Inni o Marii
Franke Róża
Dziś z perspektywy czasu trudno mi w pamięci wyłonić obraz relacji z Marią na płaszczyźnie zawodowej. W żarskim PSS zatrudniłam się będąc młodą dziewczyną w jednym ze sklepów. Prezesem PSS był wówczas Edward Gepart. Maria pracowała wówczas w księgowości. Potem przeszłam do firmy ,RUCH”, gdy ponownie wróciłam do PSS, Maria już tam nie pracowała.

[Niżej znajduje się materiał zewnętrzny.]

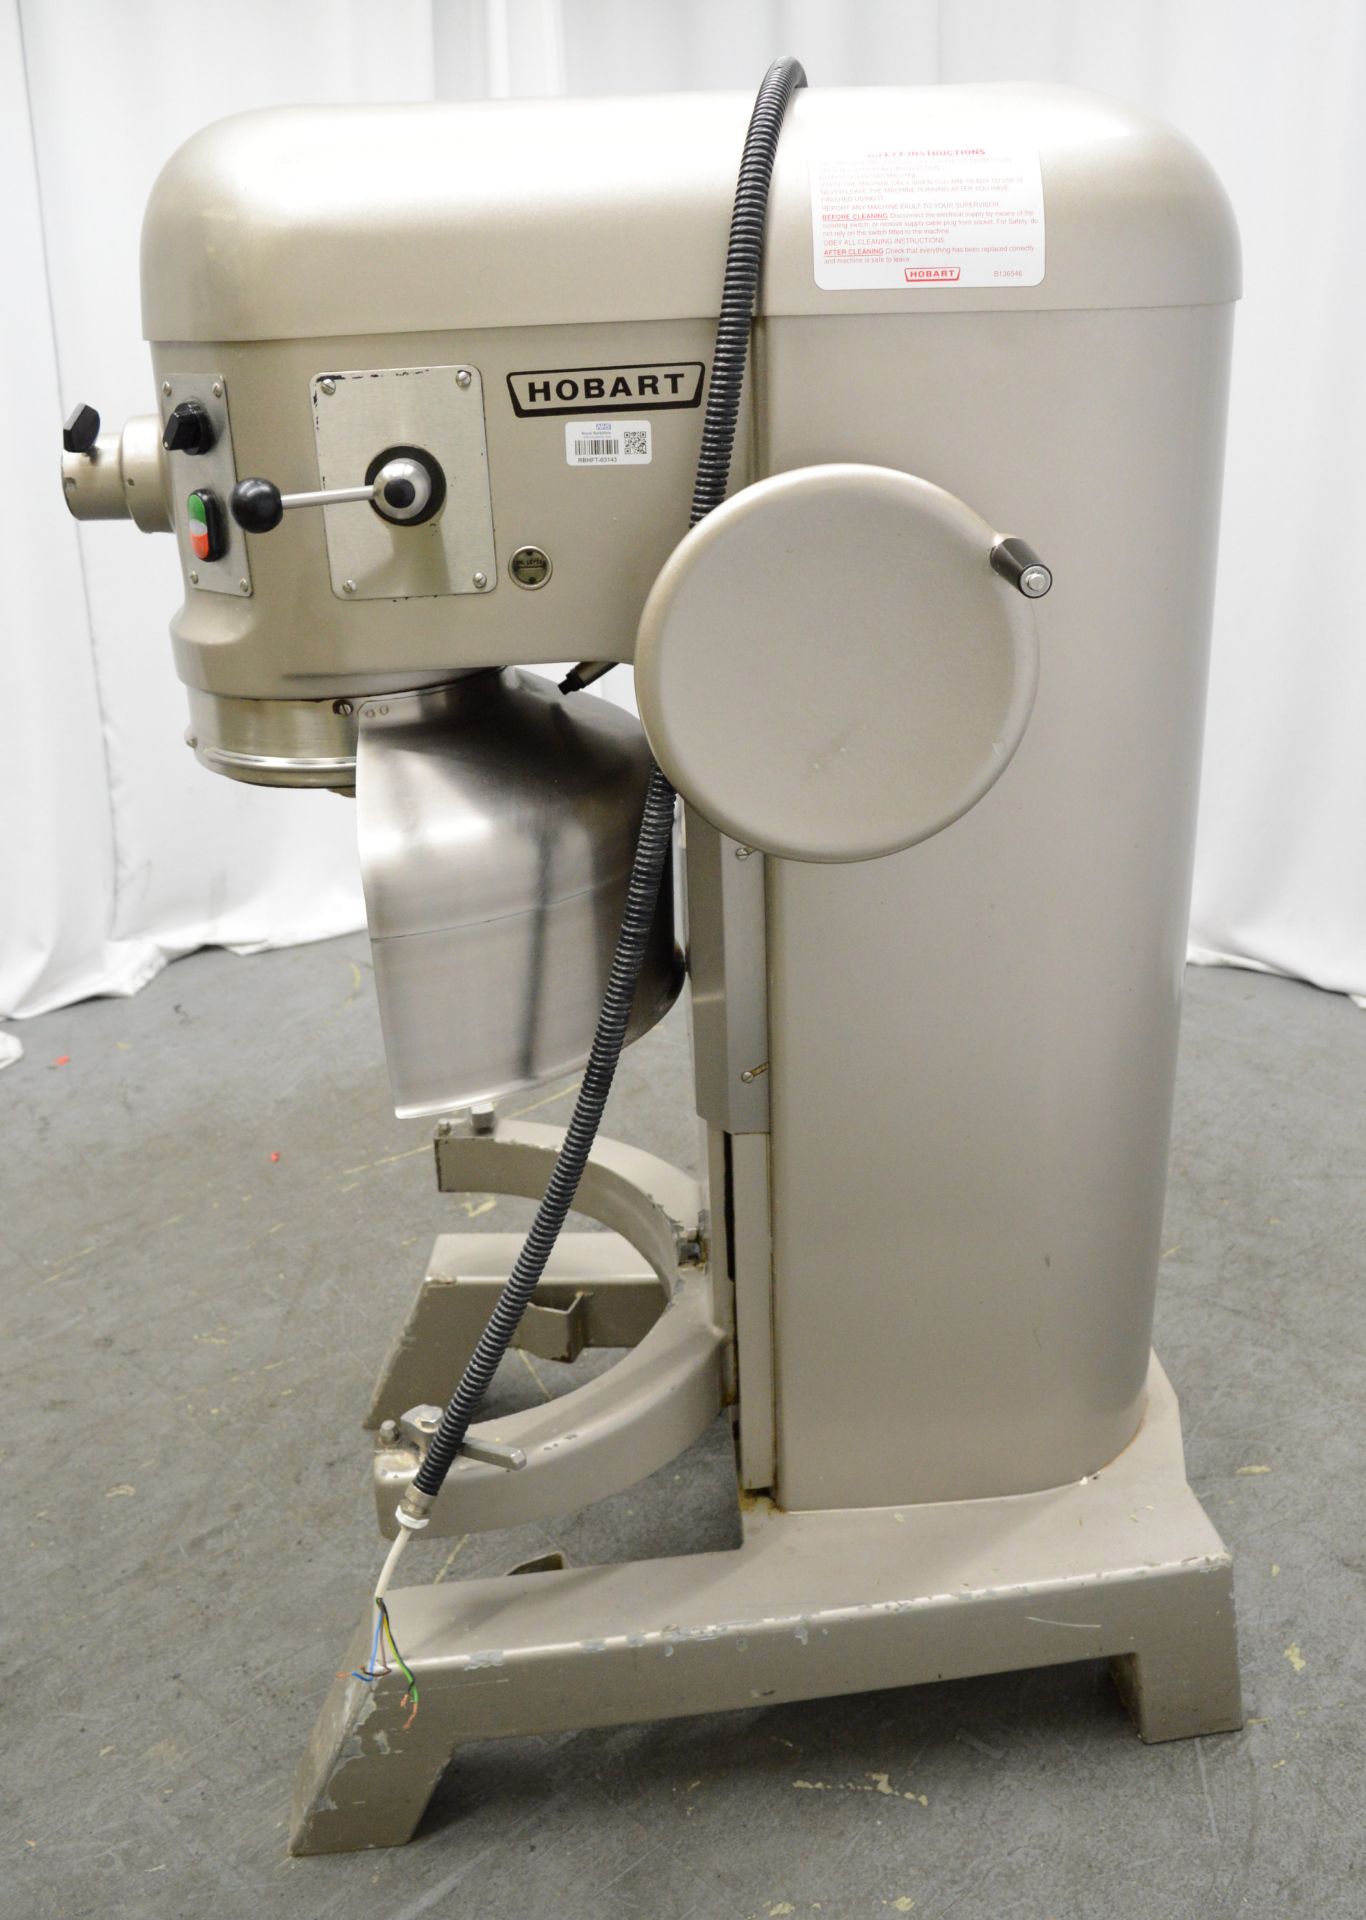 Hobart H800 80 litre food mixer with attachments, 1 phase electric - Image 4 of 9

Byliśmy jednak członkami koła Stronnictwa Demokratycznego w latach 60.tych. Zebrania nas zbliżyły. Była fajną koleżanką. Konkretną w swych wypowiedziach, bowiem nie tolerowała tzw. pustego gadania. To wielu członkom imponowało. Logika w jej wypowiedziach była sposobem przetwarzania myśli w słowa. Organizacja rekomendowała ją do wyborów na radną do Wojewódzkiej Rady Narodowej i w swym okręgu wyborczym wygrała, pokonując kandydatów wystawionych przez partię określaną jako przywódczą narodu. Była na tzw.miejscu mandatowym, ja również byłam na liście ale na dalszej pozycji, zwanej niemandatowej. Dziś są inne formy wyborów, ale warto to przypomnieć. To był duży sukces naszego Stronnictwa Demokratycznego jak i zapewne jej samej. Pamiętam jak świętowaliśmy to w skromnych progach siedziby SD w Żarach przy ul. Ogrodowej. Organizatorem spotkania był ówczesny przewodniczący koła Leszek Werstler. Maria była wówczas śliczną dziewczyną i taką zawsze w mej pamięci pozostanie.